Google’s Magenta project creates art with AI
In a world where paintings, sculptures, songs and art, in general, are limited or not at all innovative, the Mountain View giant has decided to bring his grain of sand by revolutionizing the world of art with his artificial intelligence system. combined with the best human artists.
And it is from the desire to explore the possibilities that the artificial intelligence to create authentic works of art, in different fields and disciplines such as music and other visual arts, which was born the Magenta project by Google.
The project, announced in 2016, and launched in June of the same year, aims to build an artificial intelligence system able to create their own works of art.
The project, which was announced during a session at a music and technology festival called Moogfest, in North Carolina, would allow people to produce completely new types of music and art, just as it did with the impact of electronic keyboards, battery and cameras.
Douglas Eck, head of Google’s artificial intelligence research division pointed out in a conference that Magenta could have played a similar role to Les Paul, which helped to develop the modern electric guitar.

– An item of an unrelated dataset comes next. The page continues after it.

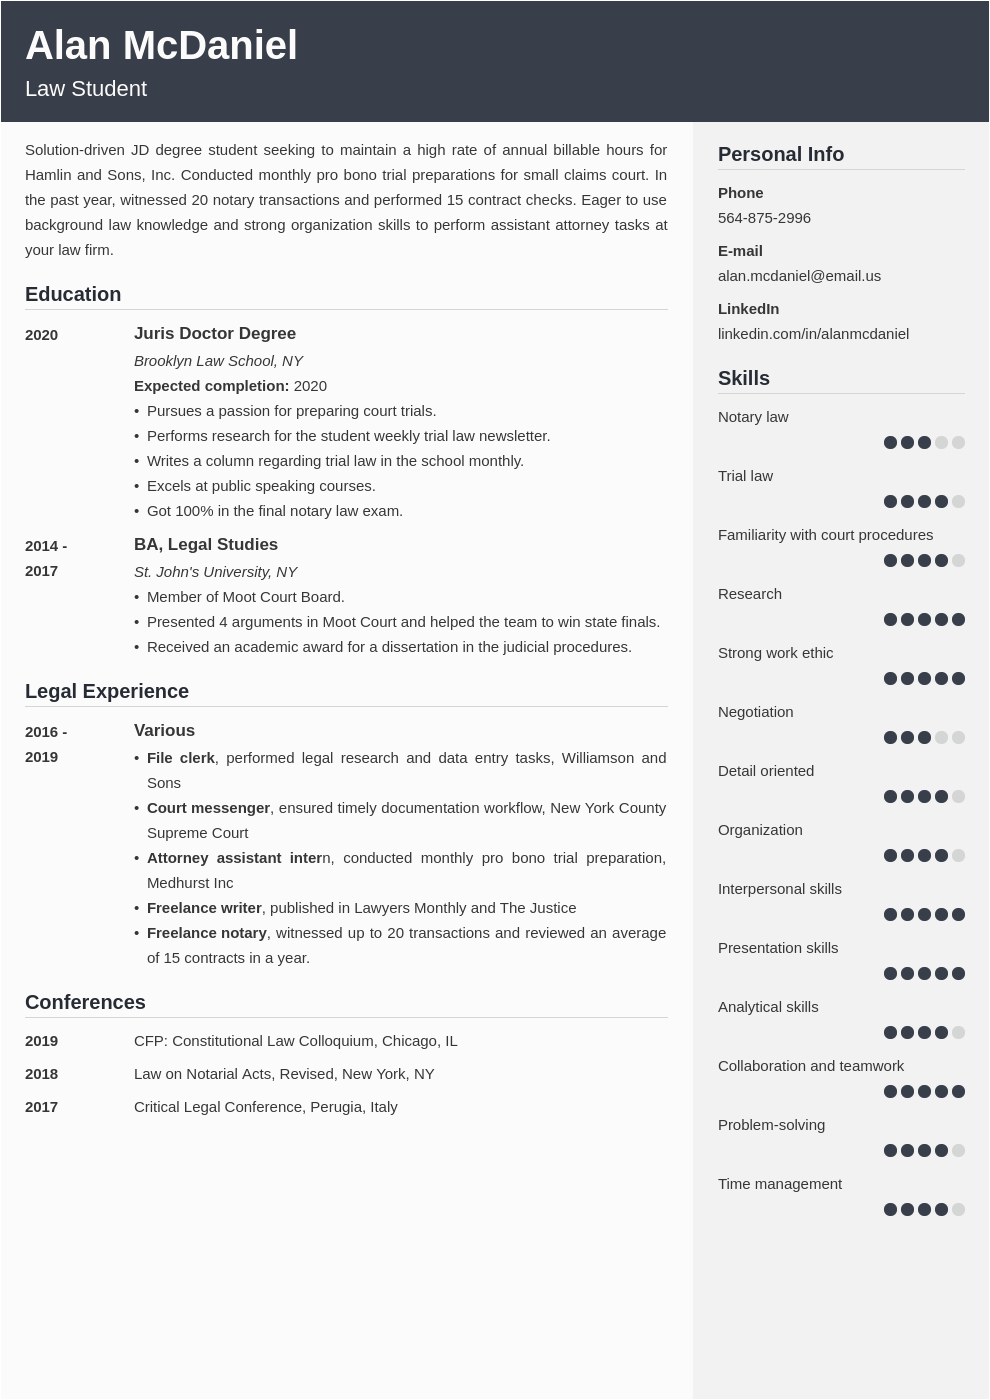 Resume Templates for Law School Applications Law School Application Resume Template 20 Examples

Magenta, which uses self-learning and artificial intelligence principles to create algorithms that can create its own works of art, is based on “Tensor Flow”.
It’s about a Google’s open source artificial intelligence software library, used for numerical computation and which uses data flow diagrams to create algorithms able to generate their own music.
The Magenta project therefore seeks to attract the attention of artists and creators to experiment with technology and apply it to their work. The goal of this project is to create a system capable of offering music lovers new pieces by simply placing an order on a computer.
EXAMPLES OF MAGENTA-BASED MUSIC PROJECTS
Magenta currently boasts several projects based on its very interesting platform.
- One of these is called MusicVAE, a tool to create music with neural networks that generates melodies based on self-learning and is able to improve the melody created using human inputs.
- Another very interesting project is Neural Synth (N-Synth), a revolutionary sound synthesis method based on Deep Learning. Neural Synth is able to learn the characteristics of sounds and combine them to create a new sound totally unpredictable. Would you like to try generating a sound via artificial intelligence via browser? Try doing this with Sound make by GOOGLE. If you want to try using N-Synth, its preset sounds and morphing pad, download a copy and start having fun.
- Beat Blender by Creative Lab, uses MusicVAE and allows you to insert 4 drum rhythms on 4 corners of a square.
This application uses machine learning and latent spaces to generate two-dimensional palettes of battery rhythms that transform from one dimension to another. You can select the “seeds” for the four corners and Beat Blender will emit MIDI (using Web MIDI) so you can use it not only with its internal sounds, but with any MIDI device that you have connected to your computer.
- One of the really amazing apps is definitely Lo-Fi Player, one of the latest projects created through Google’s Magenta project platform. The system allows users to interact with different objects in a virtual room to mix their soundtracks with the help of two artificial intelligence systems and some melodies composed by the technologist and artist Vibert Thio, who hopes to turn it into a kind of Tiktok for the creation of music.
As Vibert Thio stated, the objective is make the music mixing experience as simple and enjoyable as possible and make the creation of music a more collective experience, taking into account the borders and quarantines imposed by coronavirus.
These and many other apps have been created, to date, with the Google Magenta project and we could claim to be on the verge of a revolution as big as the transition from the electronic era to the digital era occurred in the 80s, with the birth of MIDI. Yet somehow it seems that, like the soft synth revolution of the early 2000s, MIDI will once again be at the center of the next technological revolution.
Google and Facebook have been experimenting with big data and learning tools for a number of years now, and show their use in applications such as Google Now, Google Photos or Facebook Messenger. Both have recently deepened the strategy of Google I/O and Facebook F8.
Thanks to their experiments they have been able to demonstrate that artificial intelligence and robots will go far beyond simple tasks without creativity.
And most likely, in the next 3-5 years, artificial intelligence musical instruments could become standard parts of modern digital studios.